La prima idea dell'esistenza di un'attività neurosecretoria diversa da quella localizzata a livello sinaptico venne suggerita nel 1928 dalle ricerche di Ernst Scharrer, sulla base dell'osservazione della presenza di grandi neuroni fortemente vascolarizzati e dotati di granuli secretori nell'ipotalamo di alcuni pesci teleostei.[1] Tali evidenze morfologiche furono ulteriormente sostanziate da indagini su altri animali, uomo compreso, e da osservazioni citologiche che testimoniavano la sostanziale identità tra gli organelli intracellulari individuati da Scharrer e quelli già dimostrati nelle cellule endocrine non nervose.
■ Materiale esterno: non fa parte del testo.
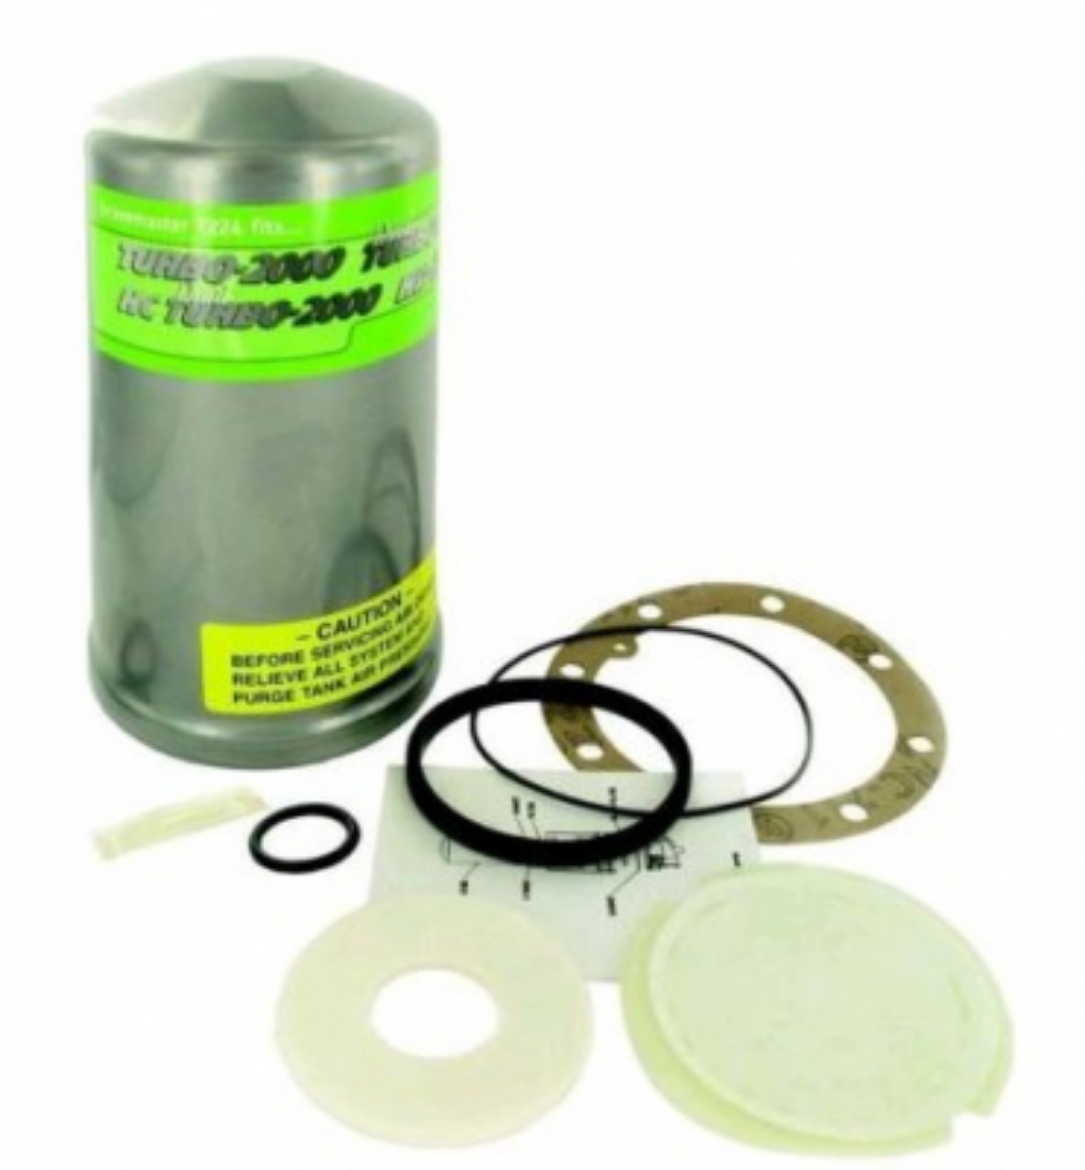 Picture of TURBO 2000 SERVICE KIT

Questi studi, inoltre, avevano dimostrato che il materiale secretorio prodotto da questi "neuroni gigantocellulari", localizzati nei nuclei sopraottico e paraventricolare dell'ipotalamo dei Mammiferi, è presente nelle fibre assoniche che conducono al lobo posteriore dell'ipofisi.[2] Soltanto nel 1951-52, tuttavia, W. Hild[3] e W.A. Stotler[4] riuscirono a specificare, rispettivamente sulle rane e sui gatti, l'esistenza e la direzione di un flusso assonico in queste fibre, dimostrando definitivamente che gli ormoni rilasciati dalla neuroipofisi, ossitocina e vasopressina sono elaborati a livello ipotalamico dai neuroni gigantocellulari.
Queste evidenze furono certo fondamentali per lo sviluppo del concetto di neurosecrezione e per la comprensione delle funzioni endocrine svolte dal sistema nervoso, ma non ponevano realmente in evidenza le interazioni e le integrazioni tra il controllo organico operato in via ormonale e quello realizzato in via nervosa. I prodotti rilasciati dai neuroni gigantocellulari dell'ipotalamo, infatti, agiscono in via diretta sugli organi bersaglio come qualunque altro ormone effettore del sistema endocrino.
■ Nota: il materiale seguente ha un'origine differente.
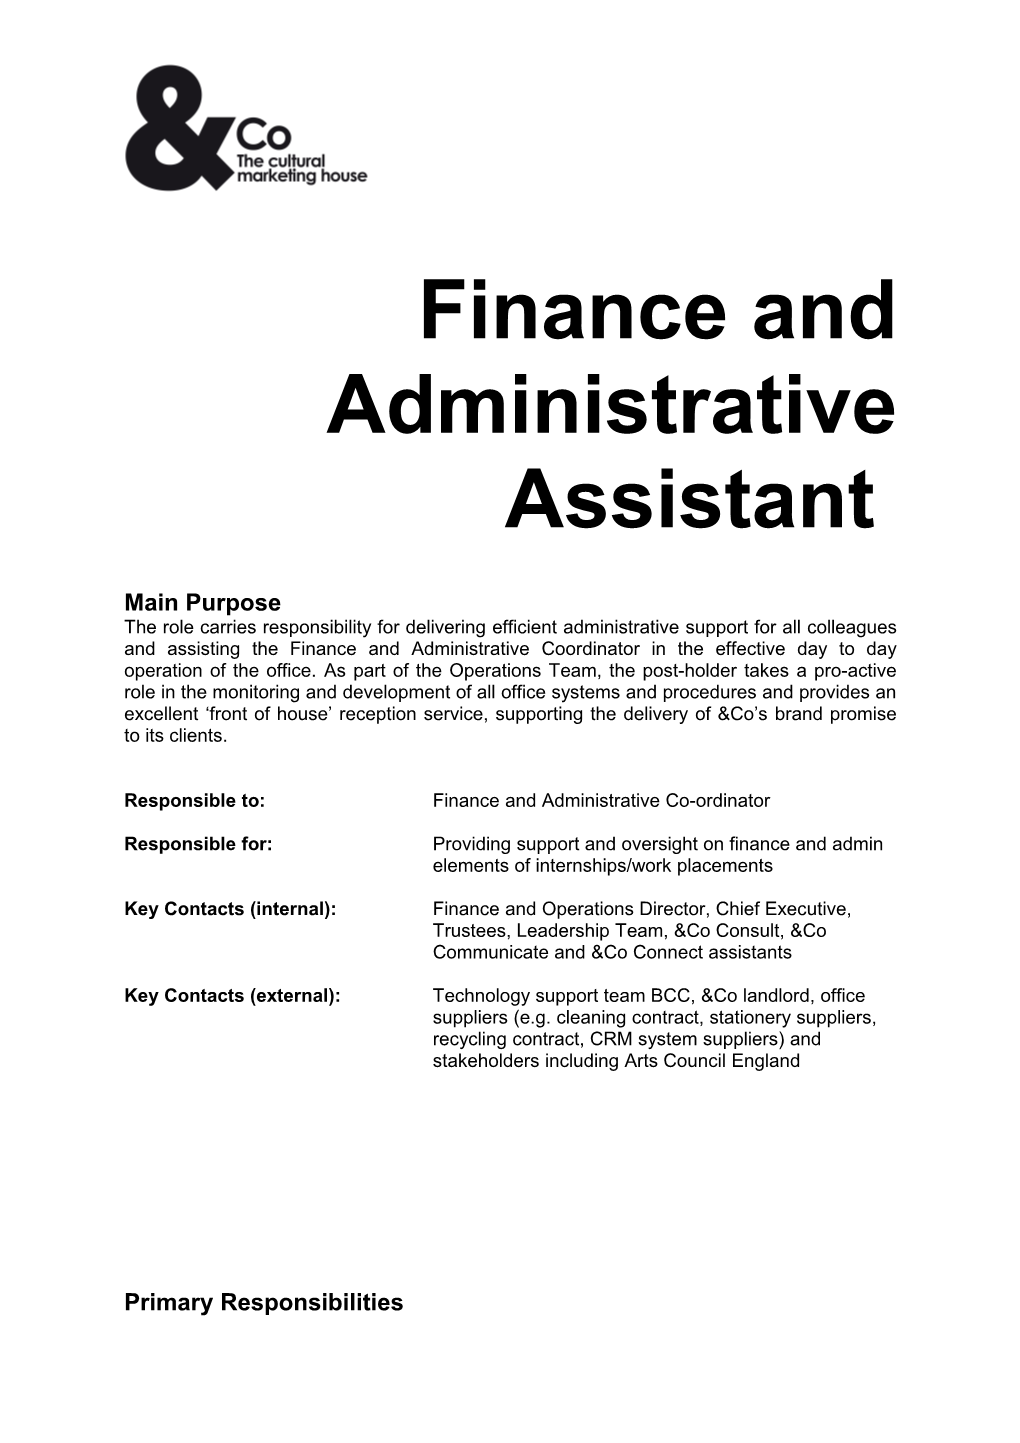 Finance and Administrative Assistant

Diverso è il caso dell'interazione tra sistema nervoso centrale, adenoipofisi e ghiandole periferiche in atto nel controllo di alcune funzioni fisiologiche come, ad esempio, la riproduzione. Il sistema riproduttivo, infatti, come dimostrò F.H. Marshall nel 1936, è soggetto, in special modo sotto l'aspetto della periodicità, all'influenza dei fattori ambientali, cioè a dire, da informazioni recettoriali che afferiscono al sistema nervoso centrale e da esso vengono elaborate.[5] Un'interazione triangolare tra ipotalamo, ipofisi e gonadi, era già stata, peraltro, ipotizzata nel 1932 da Walter Holweg e Karl Junkmann. Essi avevano evidenziato che una lesione ipotalamica nei cani, eseguita senza danneggiare l'ipofisi, poteva condurre ad un'atrofia genitale.[6] Nel 1937, l'endocrinologo inglese Geoffrey Wingfield Harris riesce ad indurre l'ovulazione nelle femmine di ratto, un fenomeno che normalmente si dà soltanto al momento del coito, attraverso la stimolazione elettrica dell'ipotalamo e dell'ipofisi.[7]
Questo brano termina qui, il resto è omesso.